Fast and robust density-based clustering algorithm.
Initializiation:
DBSCANPP(p, eps_density, eps_clustering, minPts)
p: The sample fraction, which determines the number of points to sample
eps_density: Radius for determining core points; points that have greater than minPts in its eps_density-radii ball will be considered core points
eps_clustering: Radius for determining neighbors and edges in the density graph
minPts: Number of neighbors required for a point to be labeled a core point.
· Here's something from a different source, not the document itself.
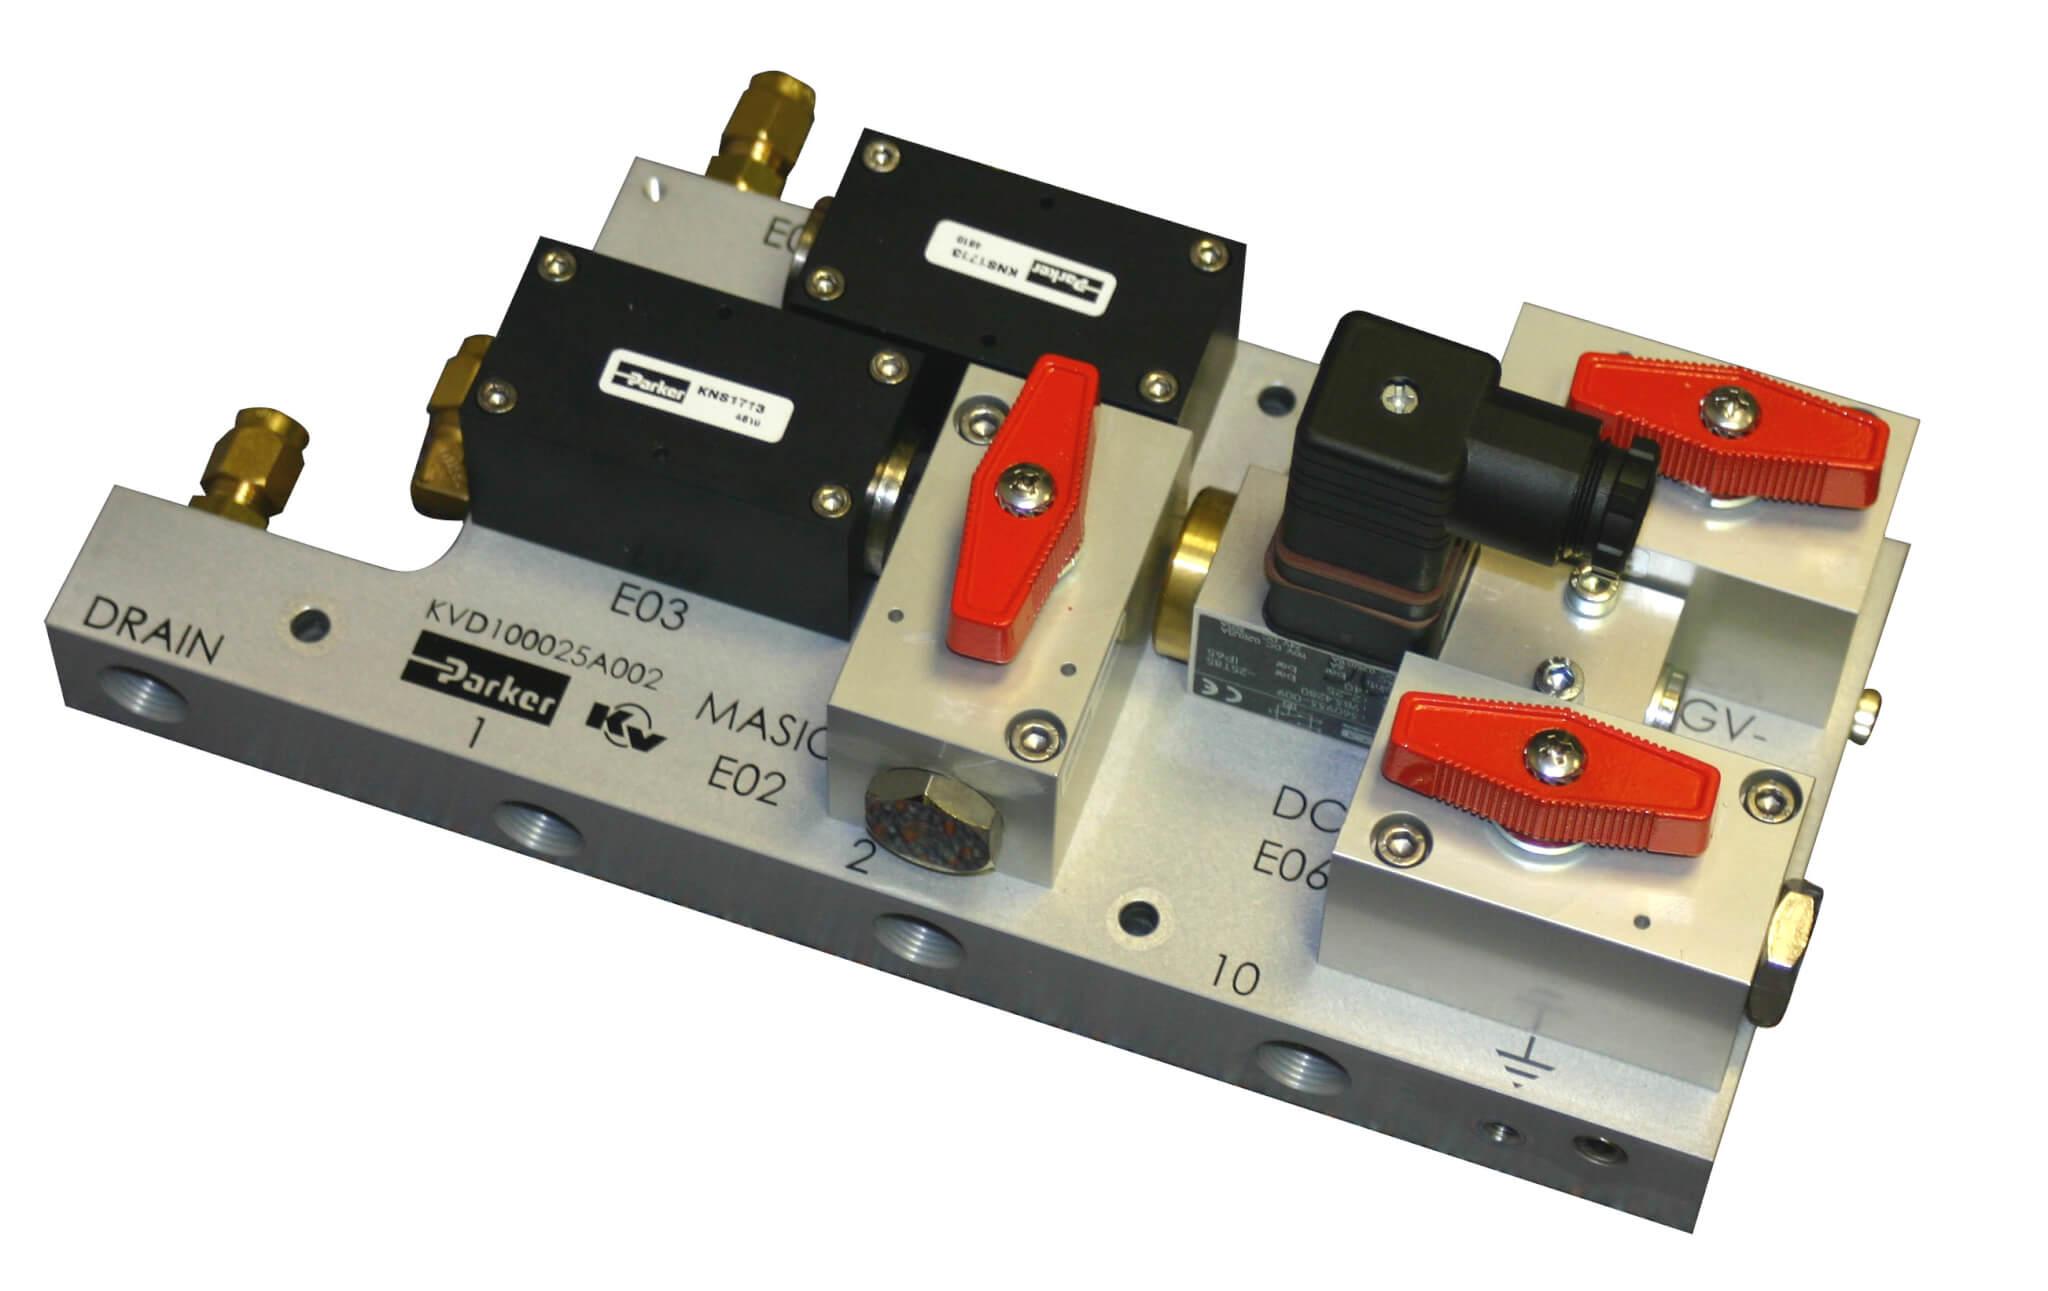 Modular Control System including valve for pantograph controls

Works in conjunction with eps_density
Finding Clusters:
fit_predict(X, init="k-center", cluster_outliers=True)
X: Data matrix. Each row should represent a datapoint in Euclidean space
init: String. Either "k-center" for the k-center greedy sampling technique or "uniform" for a uniform random sampling technique
cluster_outliers: Boolean. Whether we should cluster the remaining points
fit_predict performs the clustering and returns the cluster labels.
Example (mixture of two gaussians):
from DBSCANPP import DBSCANPP
import numpy as np
# Mixture of three multivariate Gaussians
cov = [[1, 0, 0], [0, 1, 0], [0, 0, 1]]
X = np.concatenate([np.random.multivariate_normal([5, 5, 5], cov, 1000),
np.random.multivariate_normal([0, 0, 0], cov, 1000),
np.random.multivariate_normal([-5, -5, -5], cov, 1000)])
y = np.concatenate([np.full(1000, 0), np.full(1000, 1), np.full(1000, 2)])
# Declare a DBSCAN++ model with tuning hyperparameters
dbscanpp = DBSCANPP(p=0.1, eps_density=5.0, eps_clustering=5.0, minPts=10)
y_hat = dbscanpp.fit_predict(X, init="k-center")
# Score the clustering
from sklearn.metrics.cluster import adjusted_rand_score, adjusted_mutual_info_score
print("Adj. Rand Index Score: %f." % adjusted_rand_score(y_hat, y))
print("Adj. Mutual Info Score: %f." % adjusted_mutual_info_score(y_hat, y))
This package uses distutils, which is the default way of installing python modules.
To install for all users on Unix/Linux:
sudo python setup.py build; python setup.py install
Python 2.7, NumPy, scikit-learn